We performed repeated dose tests of acetaminophen using chimeric mouse-derived human hepatocytes (PXB-cells) as a liver model. Hepatotoxicity induced by acetaminophen was detected at lower concentrations (more similar concentration to blood concentrations at drug administration) in perfusion culture using the KIM-Plate than in conventional well plate culture. This result suggested that the hepatic MPS could be a powerful evaluation tool for hepatotoxicity. In the future, we will evaluate the usefulness of the KIM-Plate as an evaluation tool for hepatotoxicity in vitro by studying the hepatotoxicity of various drugs.

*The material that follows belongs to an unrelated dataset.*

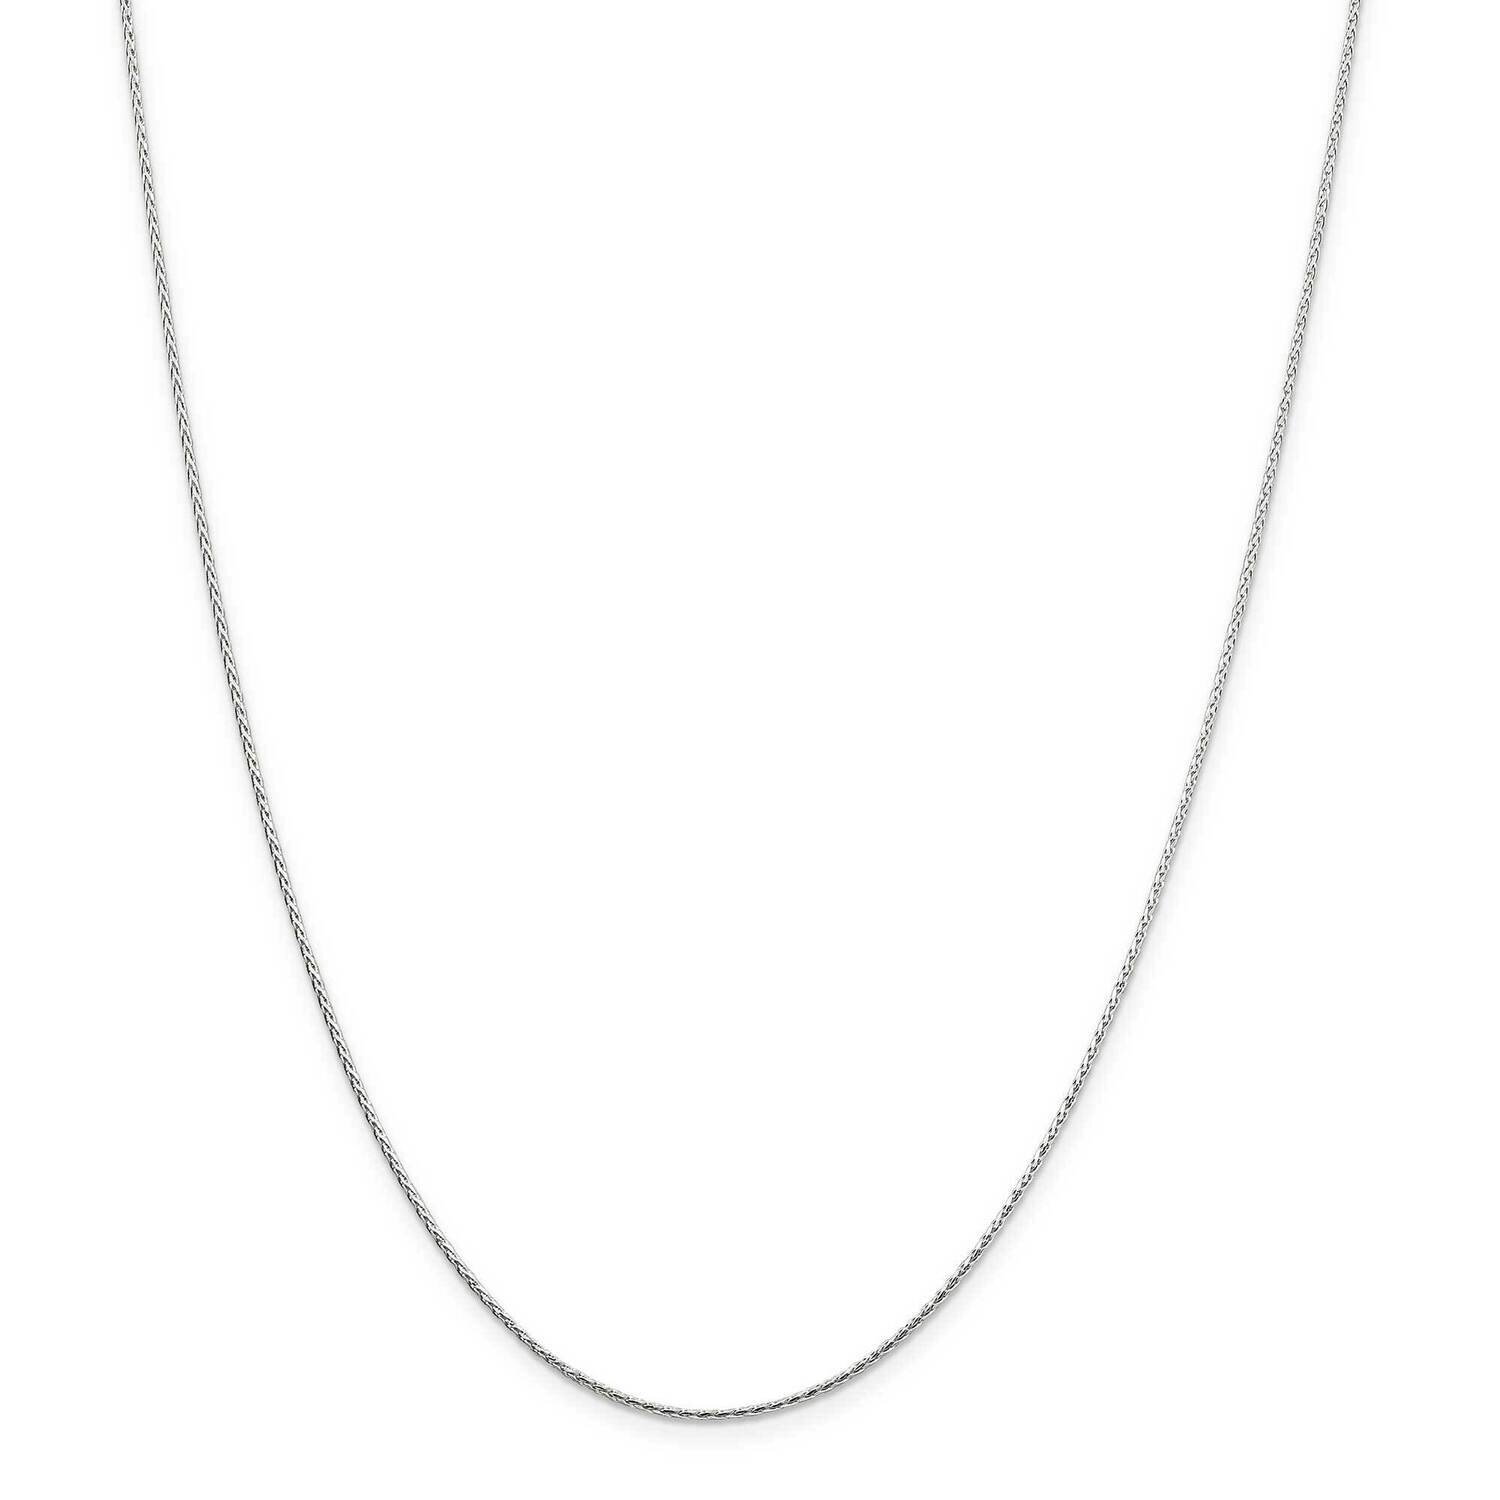 1.25mm Diamond-Cut Round Spiga Chain with 2 Inch Extender 18 Inch Sterling Silver QSR035E-18

#410. Title: Hepatotoxicity evaluation in repeated doses using on-chip perfusion MPS (KIM plate) with membrane-based direct oxygenation.
In this study, we aimed to construct a more reliable drug metabolism system using micro-stirrer-based on-chip perfusion MPS (KIM plate [1]) combined with oxygen-permeable polymethylpentene (PMP) membranes. PMP is a new material for MPS with less drug adsorption compared with PDMS [2]. We cultured human liver cells obtained from humanized chimeric mice (PXB hepatocytes) for two weeks and evaluated various functions and responses to acetaminophen repeated doses.
PXB hepatocytes seeded on KIM plates with direct oxygen supply exhibited a significant increase in albumin secretion compared to the cells cultured in conventional oxygen-impermeable plates (TCPS). This enhanced albumin secretion enabled better toxicity prediction in repeated dose of acetaminophen. We also measured the metabolic profiles of acetaminophen, CYP activity, ALT activity in the culture medium, and levels of glutathione and its oxidation products. The overall results support the better physiological mechanisms for the observed concentration-dependent hepatotoxicity.
This study suggests that the MPS integrating on-chip simple perfusion and direct oxygenation with PMP membranes becomes as a novel predictive system for hepatotoxicity in drug development research, through physiologically relevant hepatocyte culture.